In the direction of large models, technology giants are training larger models, while academia is thinking of ways to optimize them. Recently, the method of optimizing computing power has risen to a new level.

Large-scale language models (LLM) have revolutionized the field of natural language processing (NLP), demonstrating extraordinary capabilities such as emergence and epiphany. However, if you want to build a model with certain general capabilities, billions of parameters are needed, which greatly raises the threshold for NLP research. The LLM model tuning process usually requires expensive GPU resources, such as an 8×80GB GPU device, which makes it difficult for small laboratories and companies to participate in research in this field.
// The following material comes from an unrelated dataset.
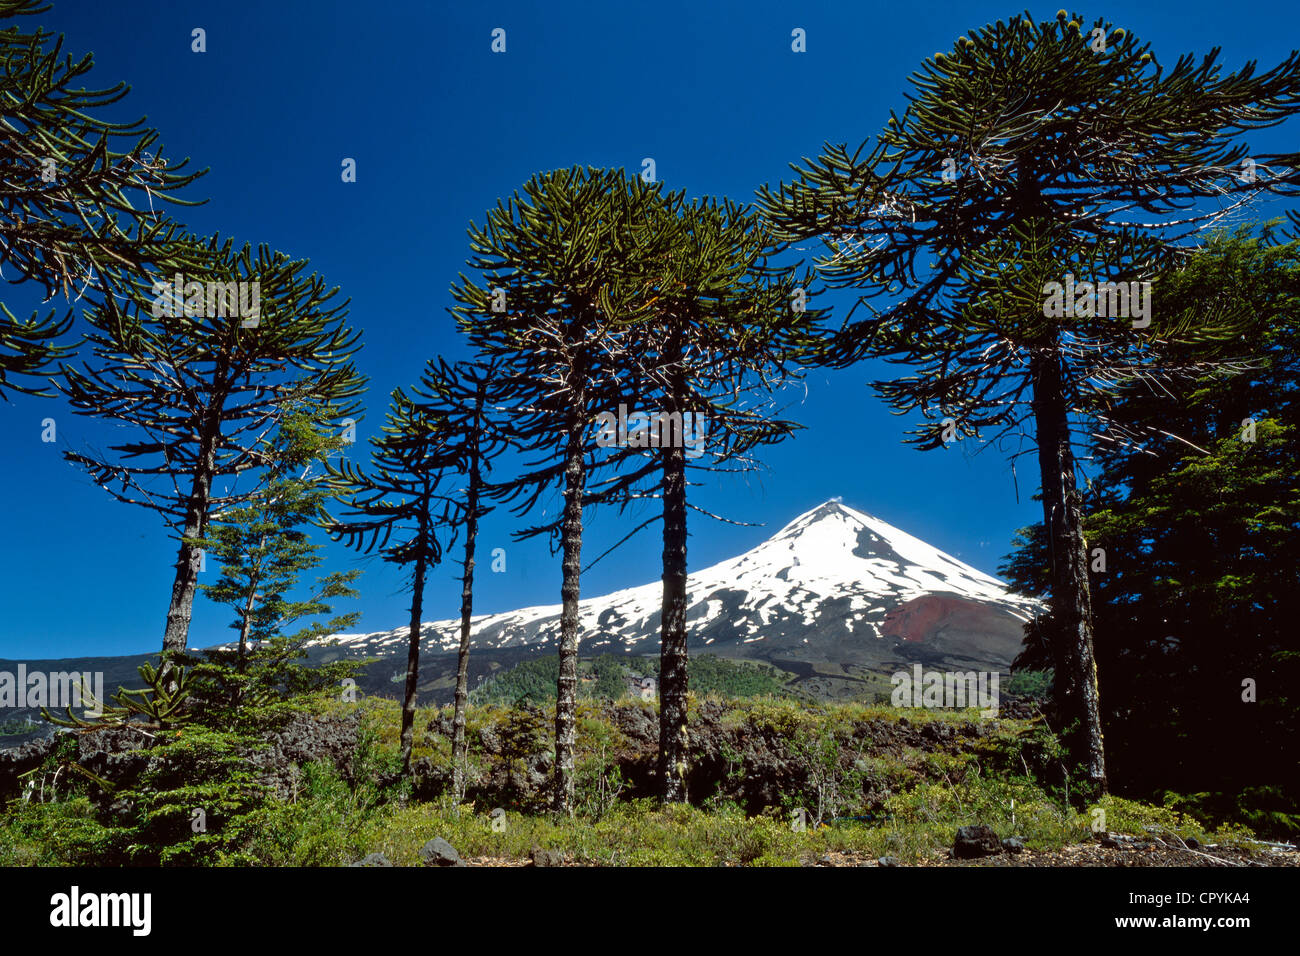 Chile, Araucania Region, national park del Conguillo, Llaima volcano which is still active and Araucaria trees Stock Photo

Recently, people are studying parameter efficient fine-tuning techniques (PEFT), such as LoRA and Prefix-tuning, which provide solutions for tuning LLM with limited resources. However, these methods do not provide practical solutions for full-parameter fine-tuning, which has been recognized as a more powerful method than parameter-efficient fine-tuning.
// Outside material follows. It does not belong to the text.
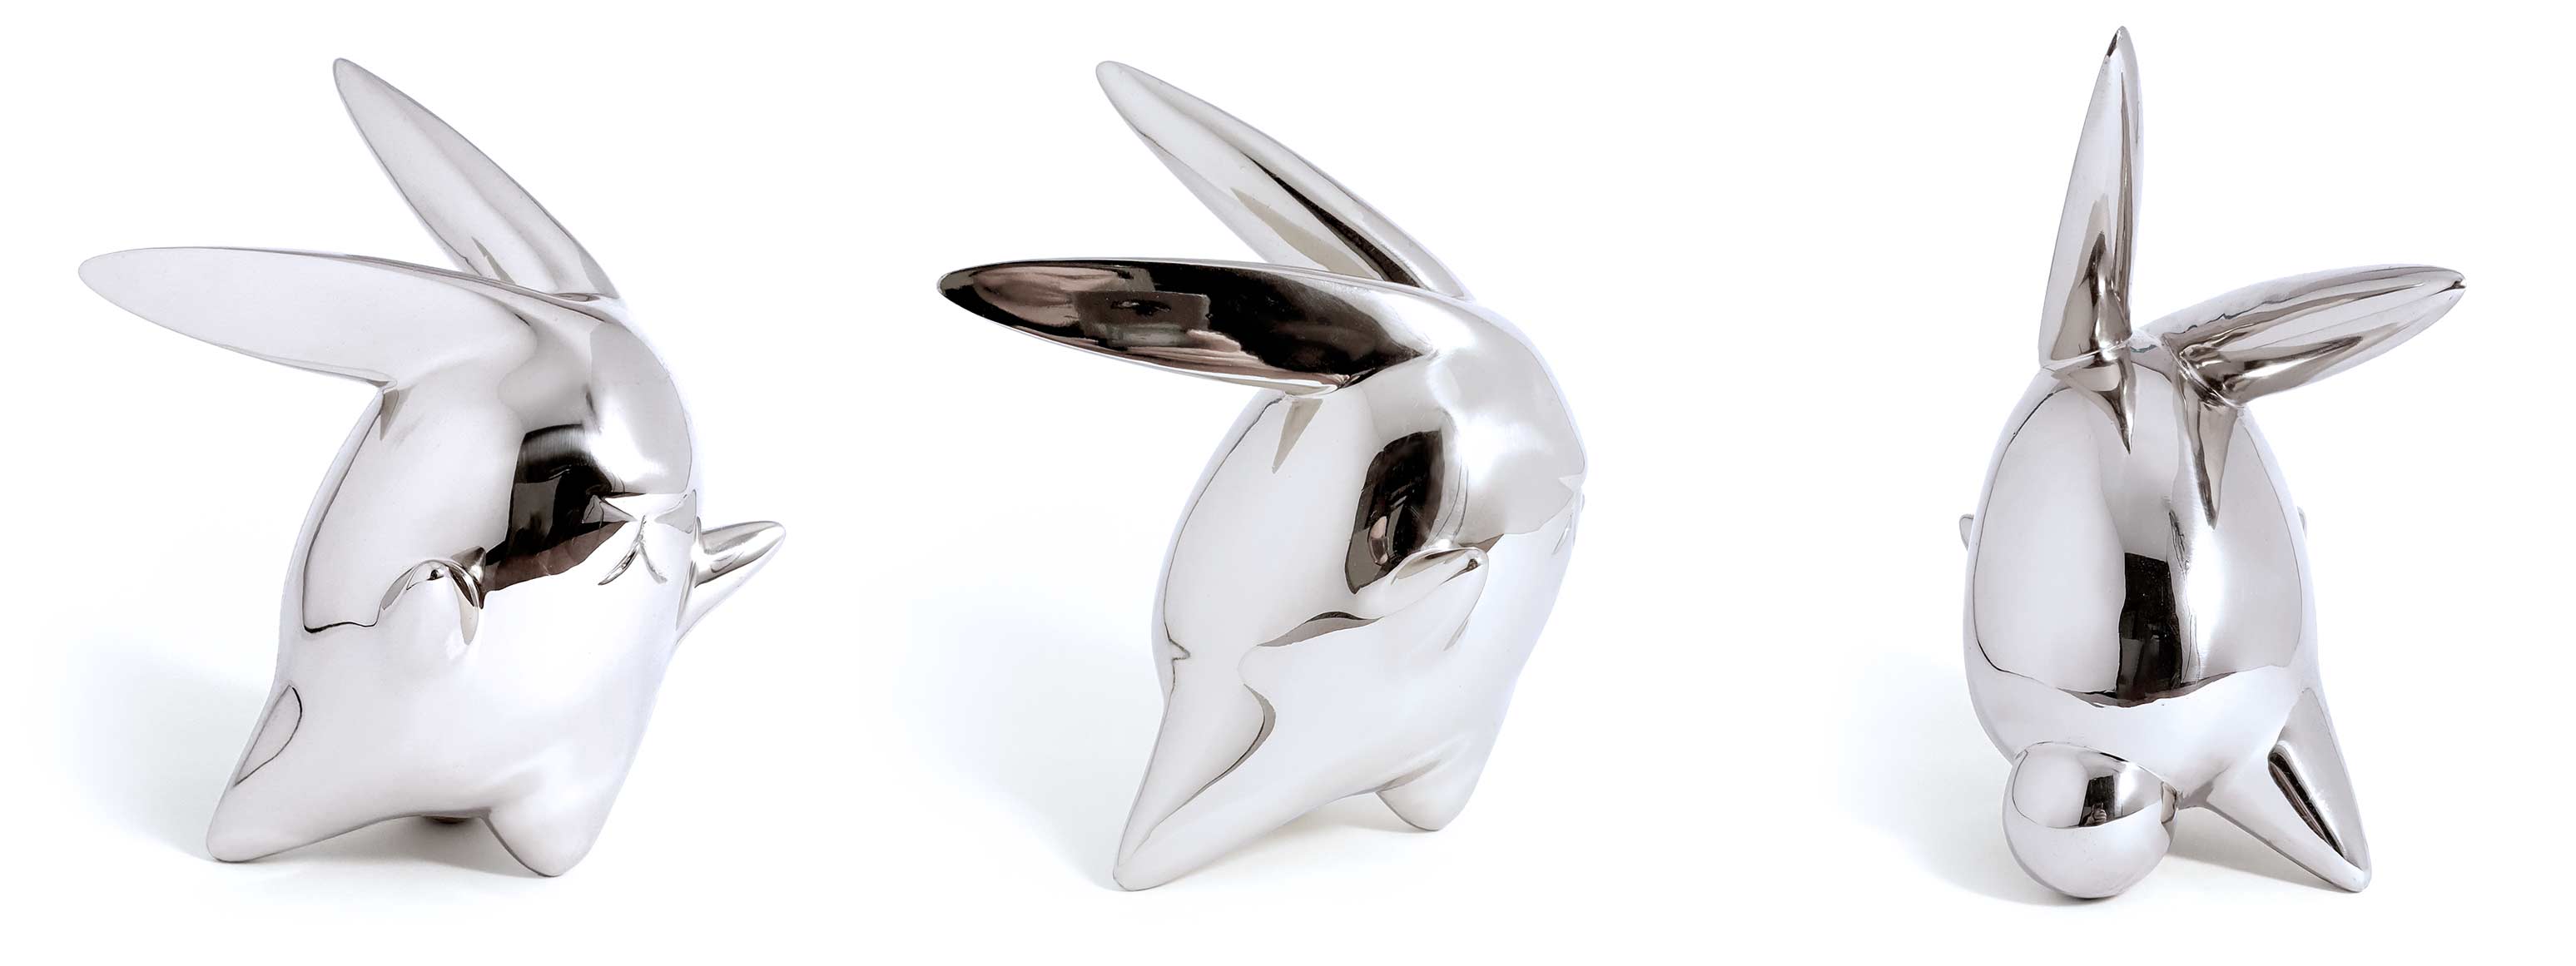 Flight or Fight, bunny rabbit sculpture, Mirror Polished Stainless Steel Sculpture, by artist Ferdi B Dick, banner

In the paper "Full Parameter Fine-tuning for Large Language Models with Limited Resources" submitted by Qiu Xipeng's team at Fudan University last week, researchers proposed a new optimizer LOw- Memory Optimization (LOMO).

By integrating LOMO with existing memory saving techniques, the new approach reduces memory usage to 10.8% compared to the standard approach (DeepSpeed ​​solution). As a result, the new approach enables full parameter fine-tuning of a 65B model on a machine with 8×RTX 3090s, each with 24GB of memory.
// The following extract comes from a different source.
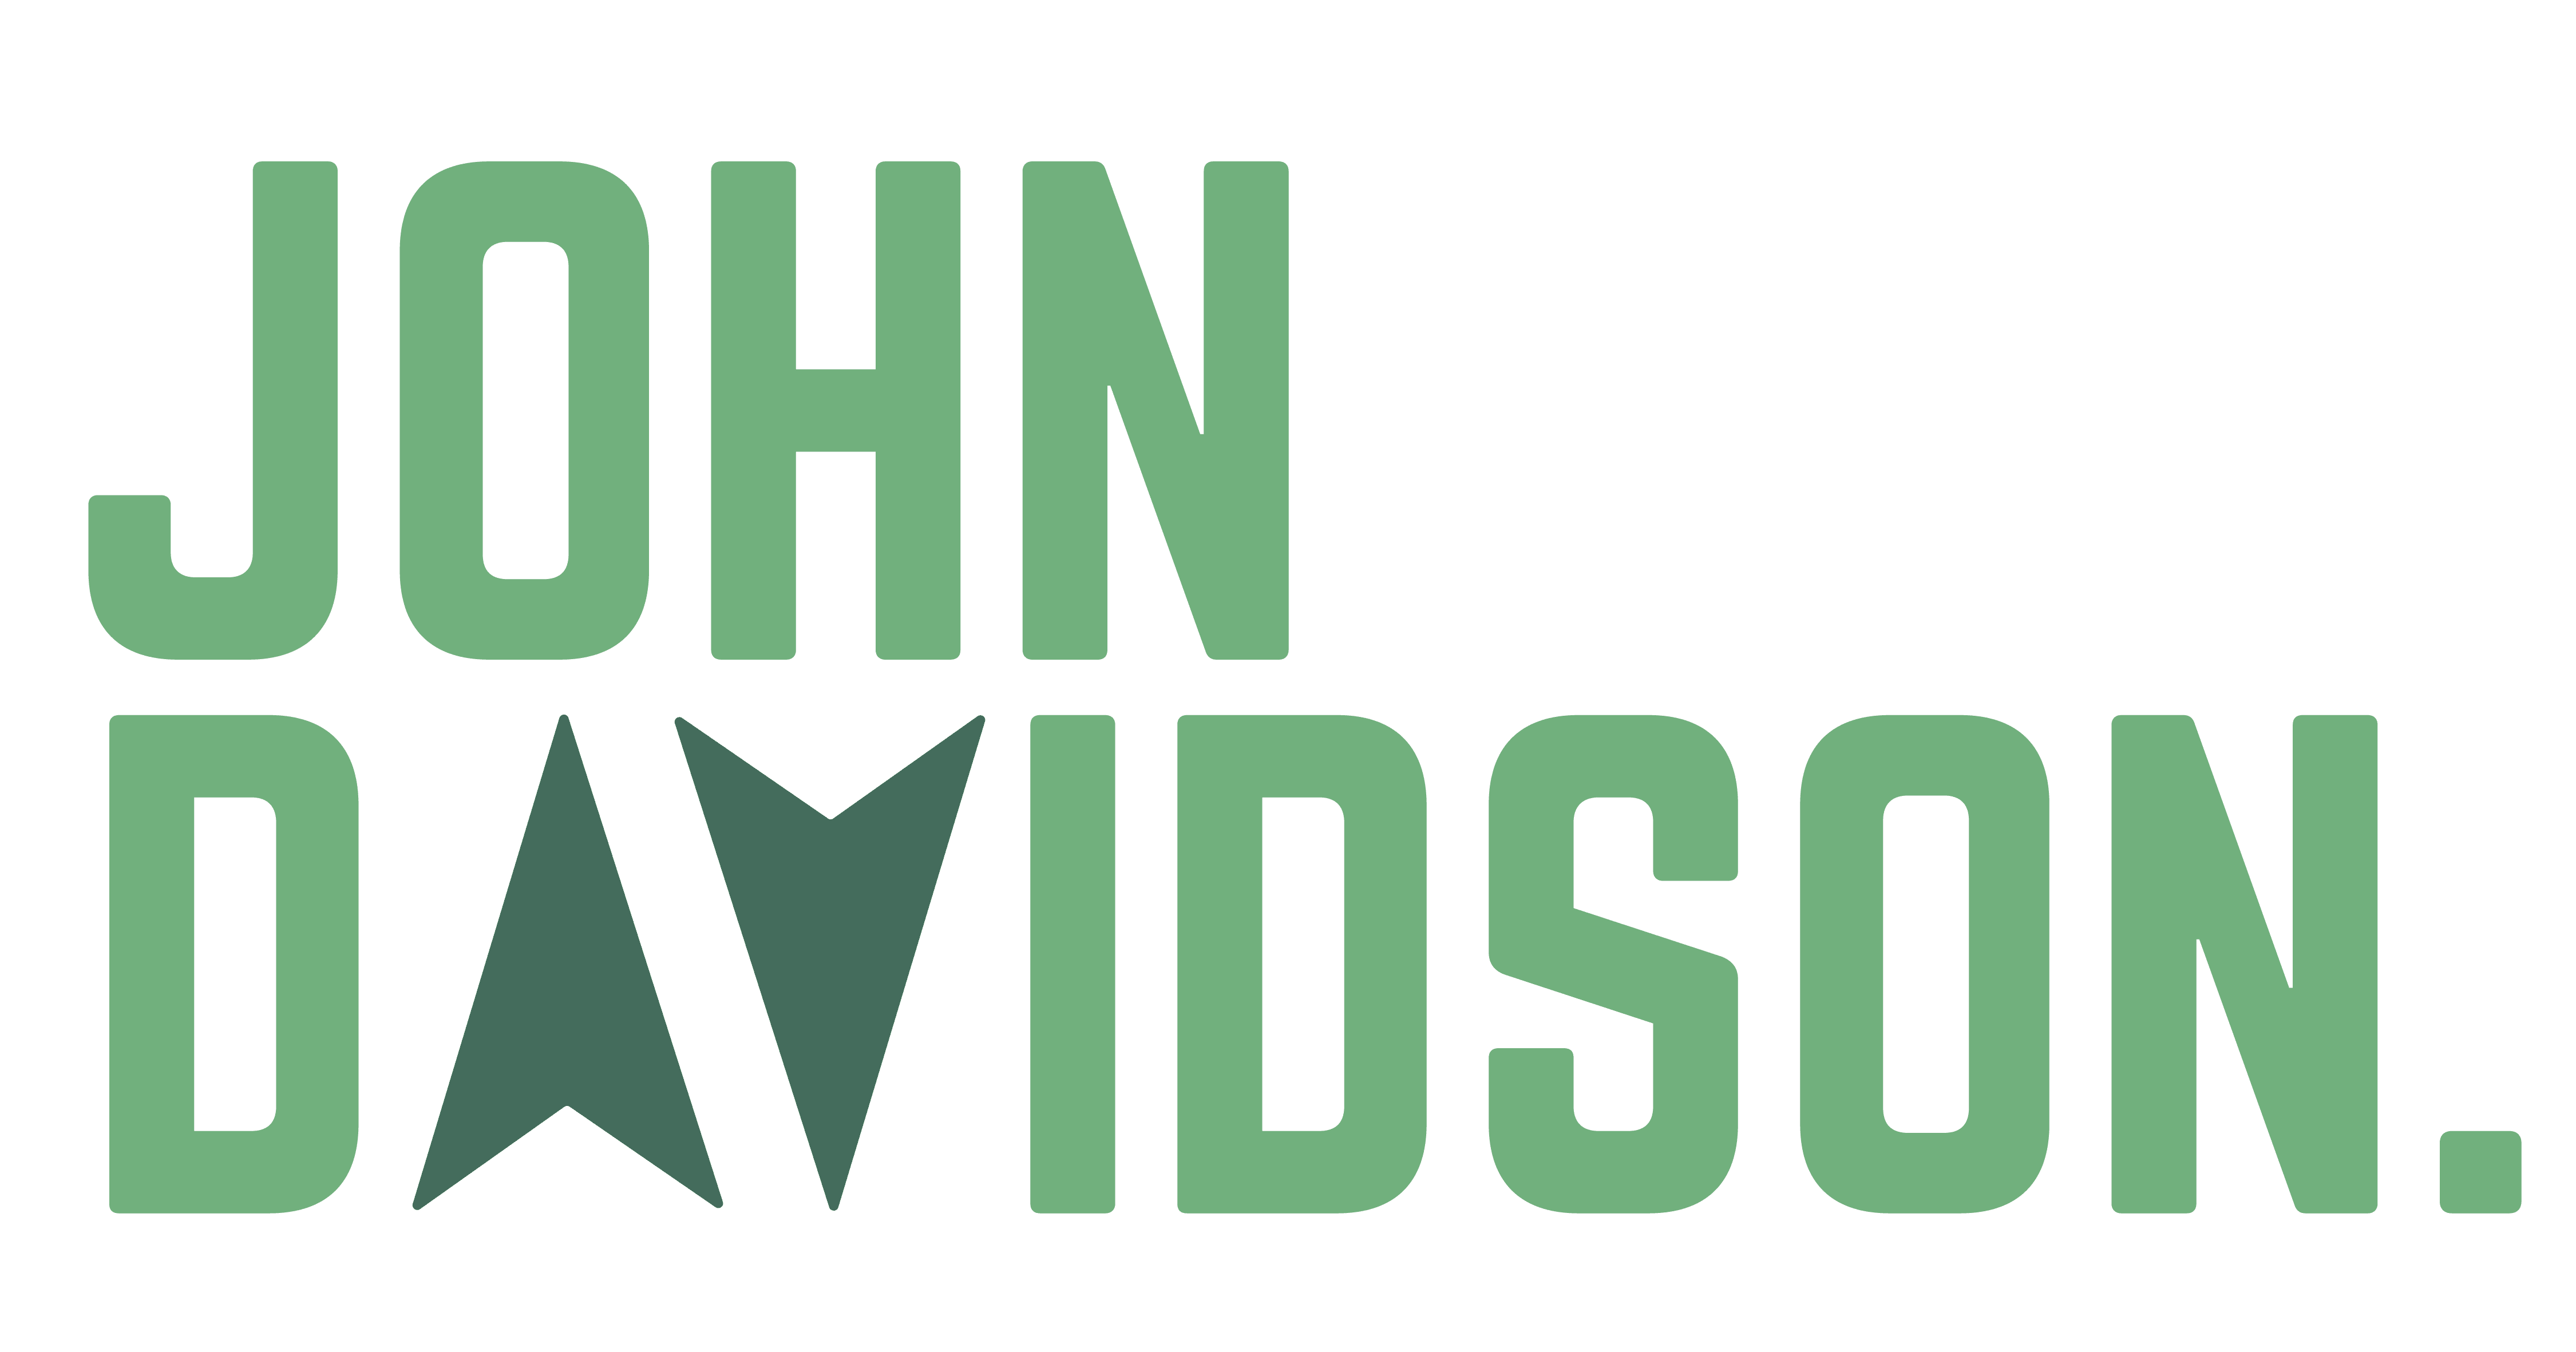 John Davidson

65 billion parameters, 8 GPUs can fine-tune all parameters: Qiu Xipeng’s team has lowered the threshold for large models

Paper link: https://arxiv.org/abs/2306.09782

In this work, the author analyzed four aspects of memory usage in LLM: activation, optimizer state, gradient tensor and parameters, and optimized the training process in three aspects:

  1. We rethought the function of the optimizer from an algorithmic perspective and found that SGD is a good alternative in fine-tuning the complete parameters of LLM. This allows the authors to delete entire parts of the optimizer state, since SGD does not store any intermediate state.
  2. The newly proposed optimizer LOMO reduces the memory usage of gradient tensors to O(1), which is equivalent to the memory usage of the largest gradient tensor.
  3. To stabilize mixed-precision training using LOMO, the authors integrate gradient normalization, loss scaling, and convert certain calculations to full precision during training.

#New technology makes memory usage equal to parameter usage plus activation and maximum gradient tensors. The memory usage of full parameter fine-tuning is pushed to the extreme, which is only equivalent to the usage of inference. This is because the memory footprint of the forward backward process should be no less than that of the forward process alone. It is worth noting that when using LOMO to save memory, the new method ensures that the fine-tuning process is not affected, because the parameter update process is still equivalent to SGD.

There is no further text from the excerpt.